The onset-to-hospitalisation (onset_to_hosp) and
onset-to-death (onset_to_death) arguments can also be set
to NULL in which case the date of admission
($date_admission) and date of death
($date_death) column in the line list will contains
NAs.
linelist <- sim_linelist(
contact_distribution = contact_distribution,
infectious_period = infectious_period,
prob_infection = 0.5,
onset_to_hosp = NULL,
onset_to_death = NULL,
hosp_risk = NULL,
hosp_death_risk = NULL,
non_hosp_death_risk = NULL
)
head(linelist)
#> id case_name case_type sex age date_onset date_reporting date_admission
#> 1 1 Aaron Yang confirmed m 66 2023-01-01 2023-01-01 <NA>
#> 2 3 Lisa Sides confirmed f 58 2023-01-03 2023-01-03 <NA>
#> 3 4 Samantha Smith confirmed f 69 2023-01-01 2023-01-01 <NA>
#> 4 5 Siraaj el-Imam confirmed m 25 2023-01-08 2023-01-08 <NA>
#> 5 6 Afnaan el-Hakim probable f 66 2023-01-02 2023-01-02 <NA>
#> 6 7 Trevor Thompson suspected m 81 2023-01-12 2023-01-12 <NA>
#> outcome date_outcome date_first_contact date_last_contact ct_value
#> 1 recovered <NA> <NA> <NA> 26.5
#> 2 recovered <NA> 2022-12-29 2023-01-03 28.1
#> 3 recovered <NA> 2022-12-31 2023-01-01 25.2
#> 4 recovered <NA> 2023-01-01 2023-01-07 23.5
#> 5 recovered <NA> 2022-12-27 2023-01-08 NA
#> 6 recovered <NA> 2023-01-01 2023-01-10 NAThis same functionality also applies to sim_outbreak().

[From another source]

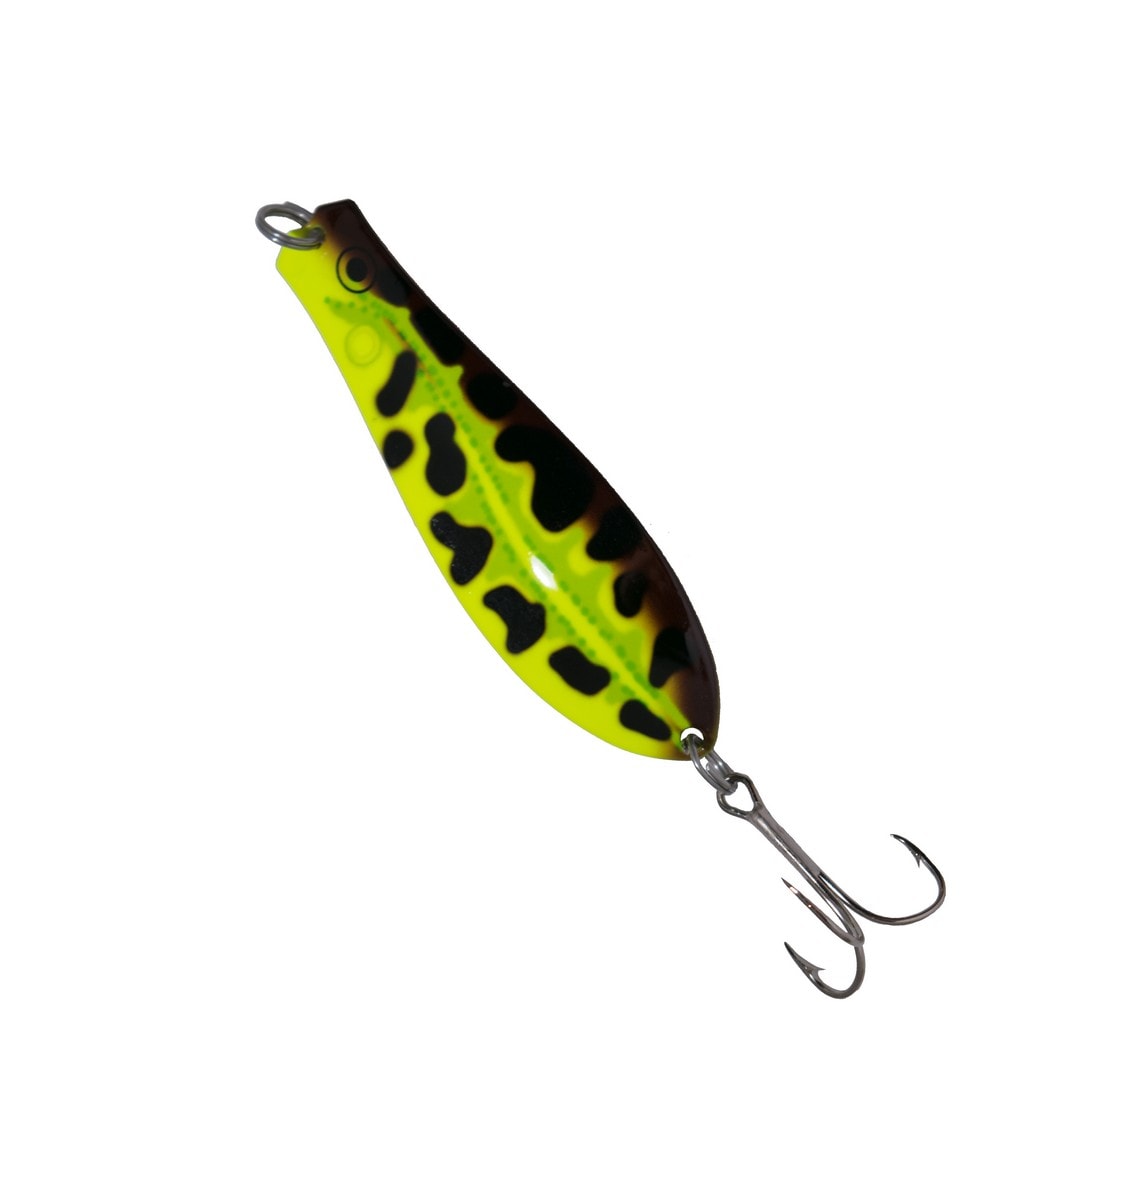 Doctor Spoon in (41) Frog - Yellow Bird Fishing Products

In the above example, hosp_risk,
hosp_death_risk and non_hosp_death_risk are
set to NULL. If the risk (*_risk) arguments
are left as numeric inputs but the corresponding onset-to-event
distribution (i.e. hosp_risk for onset_to_hosp
and hosp_death_risk and non_hosp_death_risk
for onset_to_death) are set to NULL a warning
will be produced. The example above simulates with neither
hospitalisation or deaths, but these do not need to be turned
off together, and one or the other can be set to NULL
with their corresponding risk arguments.